Ma série culte, la seule dont je peux revoir les épisodes avec le même plaisir et dont je ne me lasse jamais, la seule pour laquelle j'ai accepté de devenir un véritable acharné, collectant dvds, ouvrages et autres articles pour assouvir ma soif de connaissances, la seule qui ait chamboulé ma vision du monde (j'exagère peut-être un peu mais à peine).
En 2017, on fêtera les 20 ans de son lancement le 10 mars 1997 sur l'ancienne WB et 13 ans après son dernier épisode, elle reste l'une des séries les plus intelligentes jamais produites. Petit retour sur la genèse d'un culte.
Buffy est issue du cerveau du génial Joss Whedon et avant de devenir la série qu'on connaît, elle a été un four monumental au cinéma. La raison ? Un scénario tellement retravaillé que l'auteur ne reconnaissait plus son bébé. Du coup, lorsqu'on lui propose d'en faire une série quelques années plus tard (une idée étrange, il faut bien le dire même si elle s'est avérée payante), Joss dit oui à condition de garder le contrôle. C'est qu'on ne la lui fera pas deux fois ! Et c'est exactement ce qu'il fera durant sept ans, expliquant ainsi la qualité et la cohérence de sa série.

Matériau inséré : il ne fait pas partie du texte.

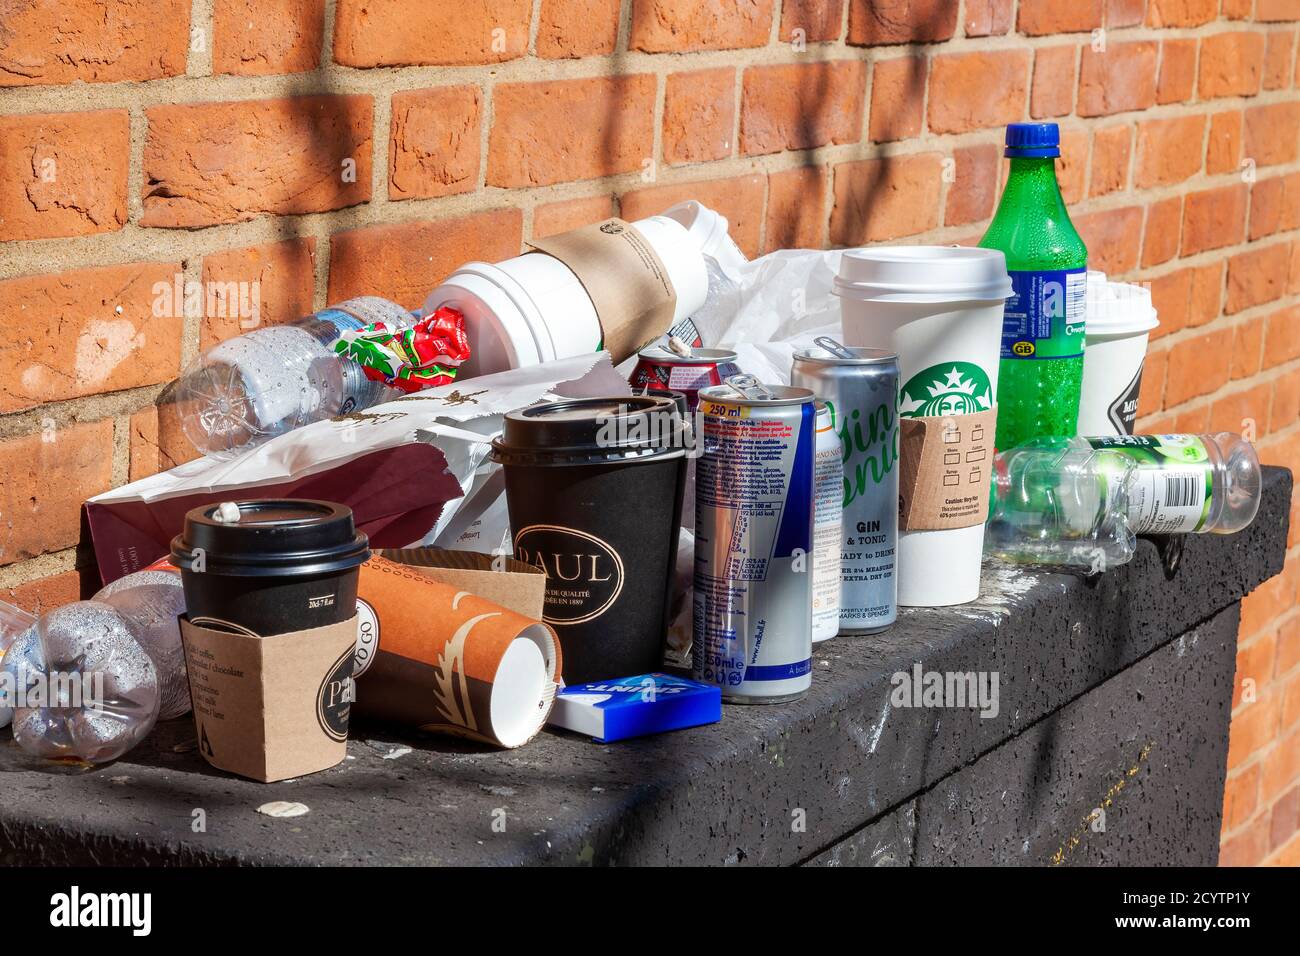 London, UK, 1. April 2012 : Müllabfuhr von Plastikflaschen und -Bechern zusammen mit Papierverpackungen mit Tüten und Blechdosen, die als sorgloser Garbag hinterlassen wurden Stockfoto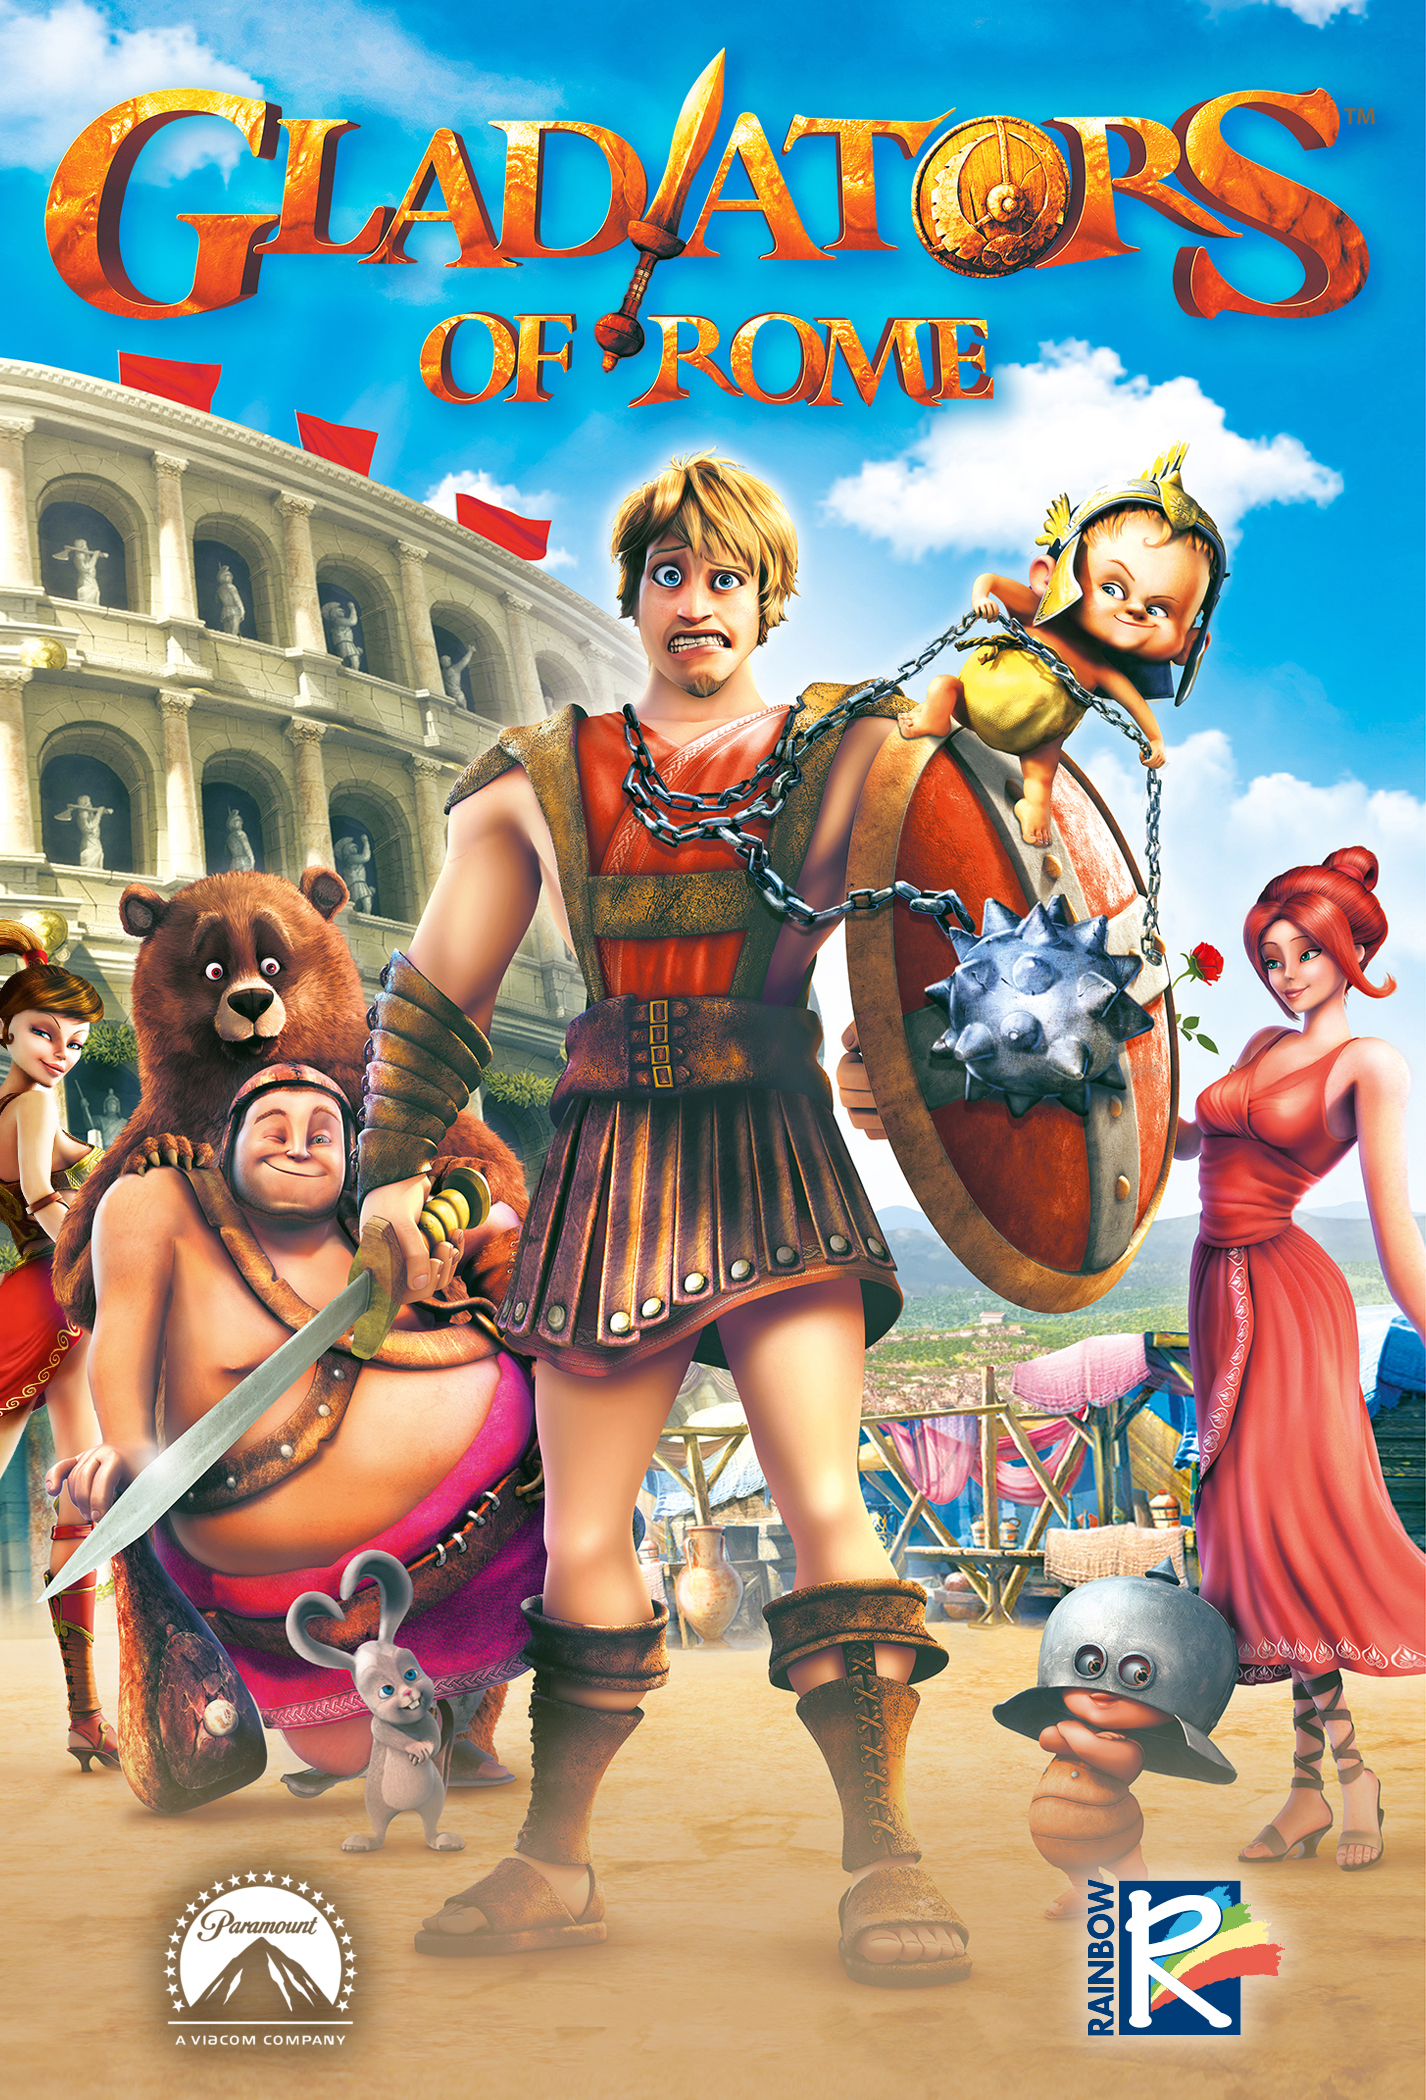 Gladiatori di Roma

L'idée de base est un peu simplette mais pour l'époque c'est un coup de génie : la bimbo blonde qui passe son temps à se faire tuer dans tous les slashers movies va enfin prendre sa revanche et montrer à la galerie de monstres qui peuplent l'univers fantastique qu'elle en a marre d'être prise pour une gourde. Buffy, pionnière de la nouvelle vague féministe, celle du girl power, est en marche !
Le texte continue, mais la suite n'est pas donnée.